**What you need to do**
Restate word for word the part of the material that runs from the line containing "PETIT POIS KAYAK" through its final line, inclusive, minus the pictures.

**Input data**
=== Begin Enclosure ===

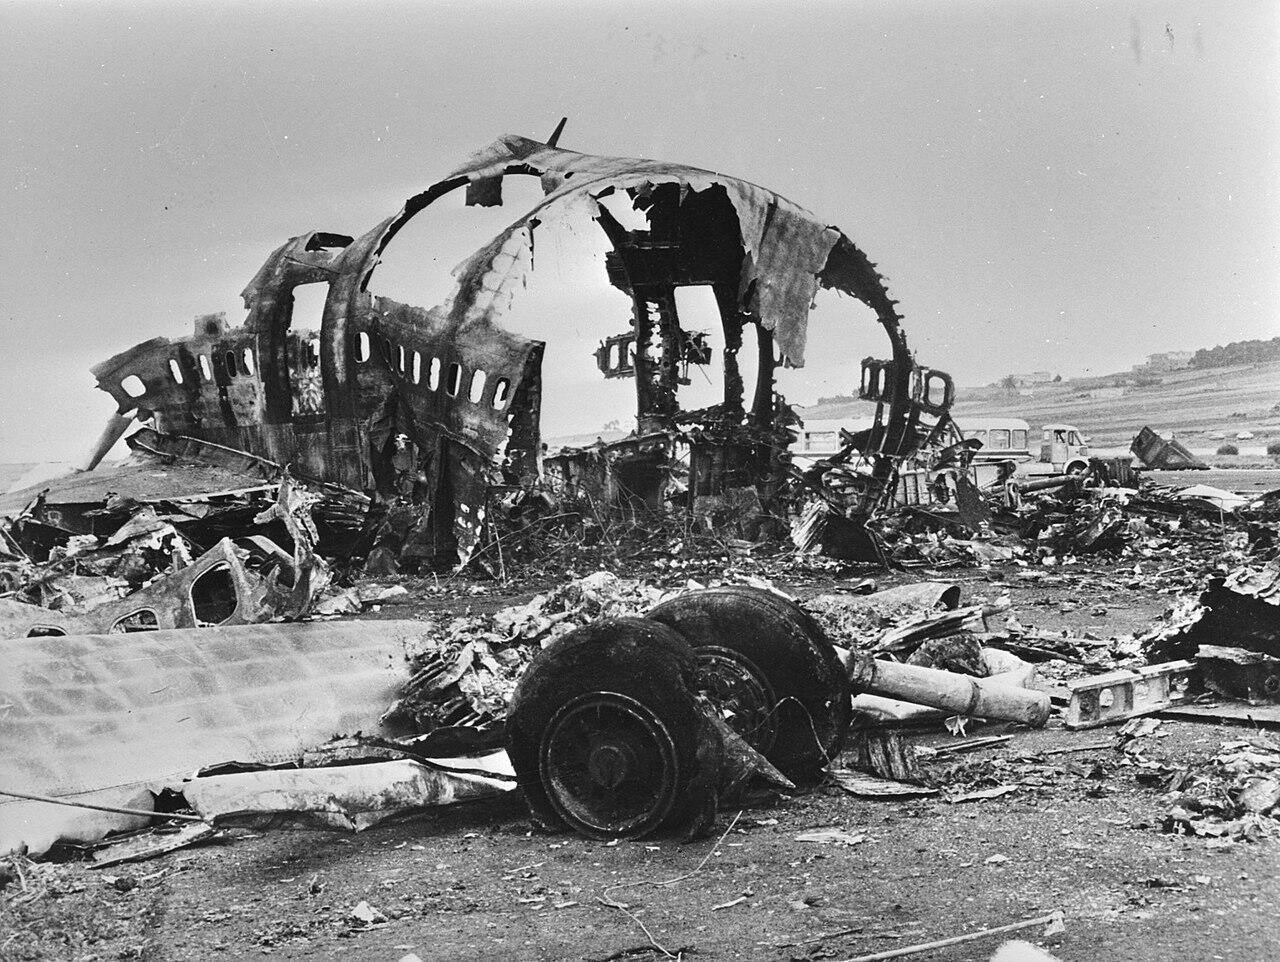 Inilah Kecelakaan Penerbangan Komersial Paling Mematikan Sepanjang Sejarah
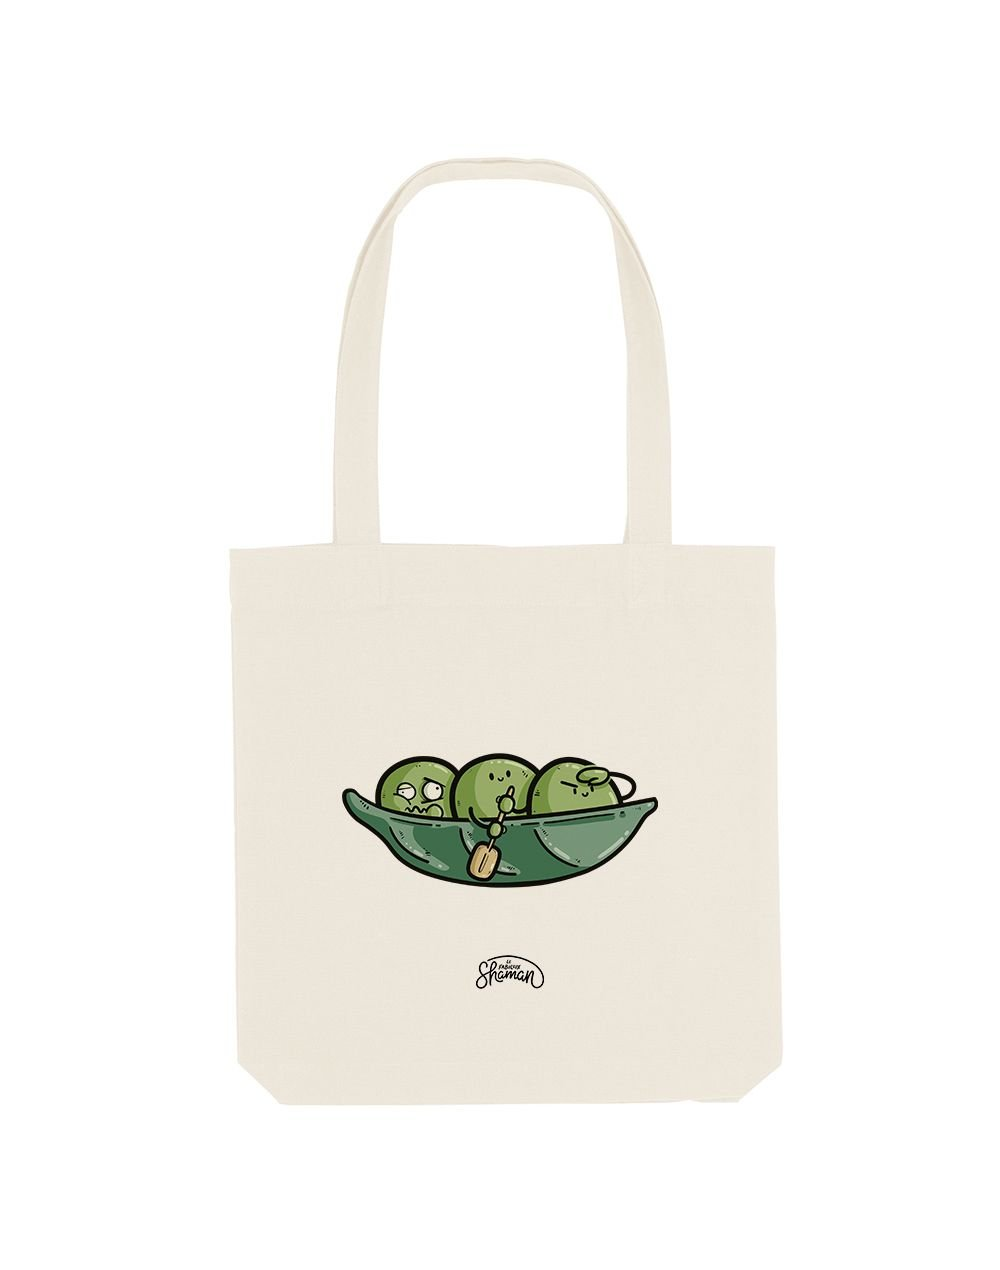 PETIT POIS KAYAK - Tote Bag  Crème  en coton
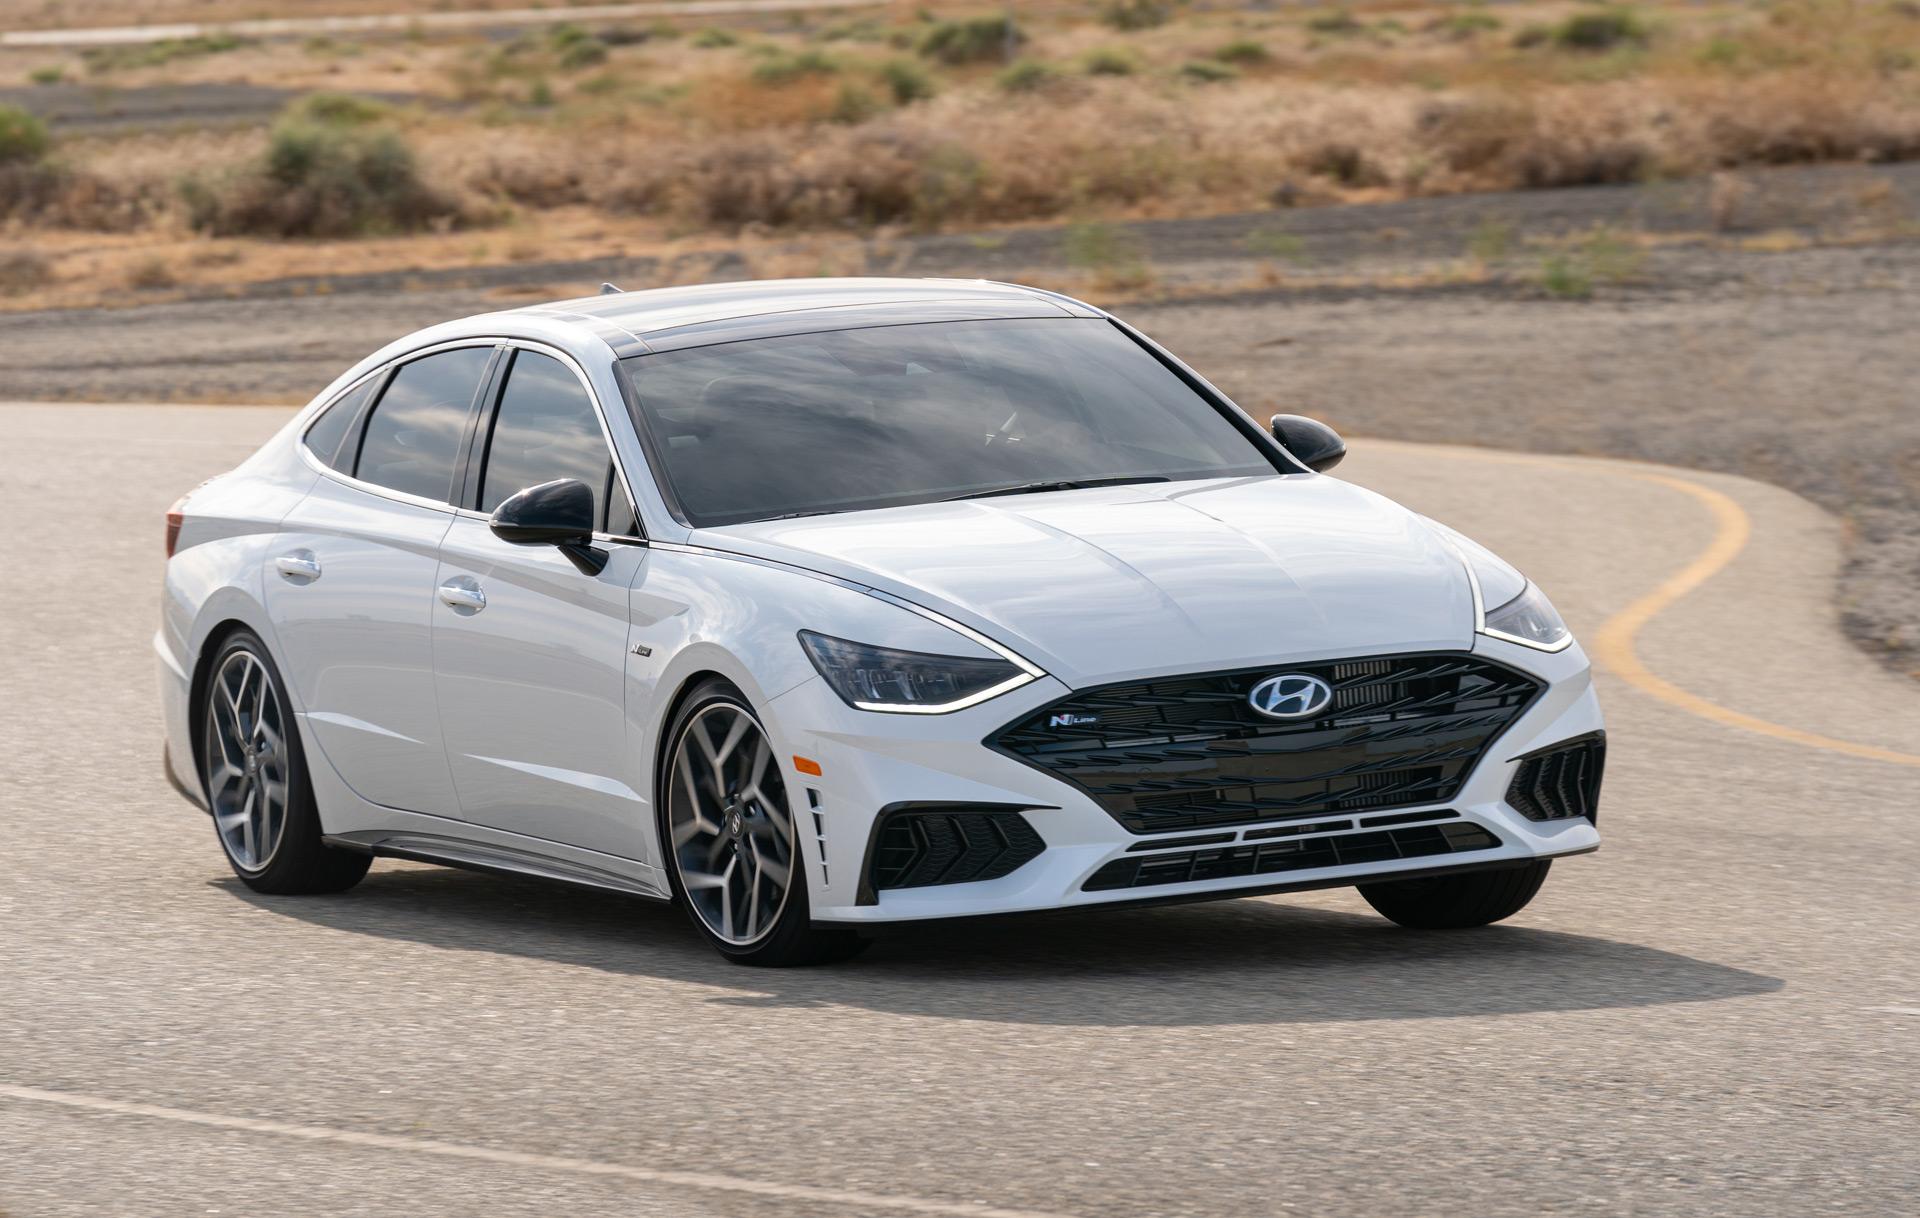 2021 Hyundai Sonata gears up with N Line performance trim

=== End Enclosure ===

**Your solution**
 PETIT POIS KAYAK - Tote Bag  Crème  en coton
 2021 Hyundai Sonata gears up with N Line performance trim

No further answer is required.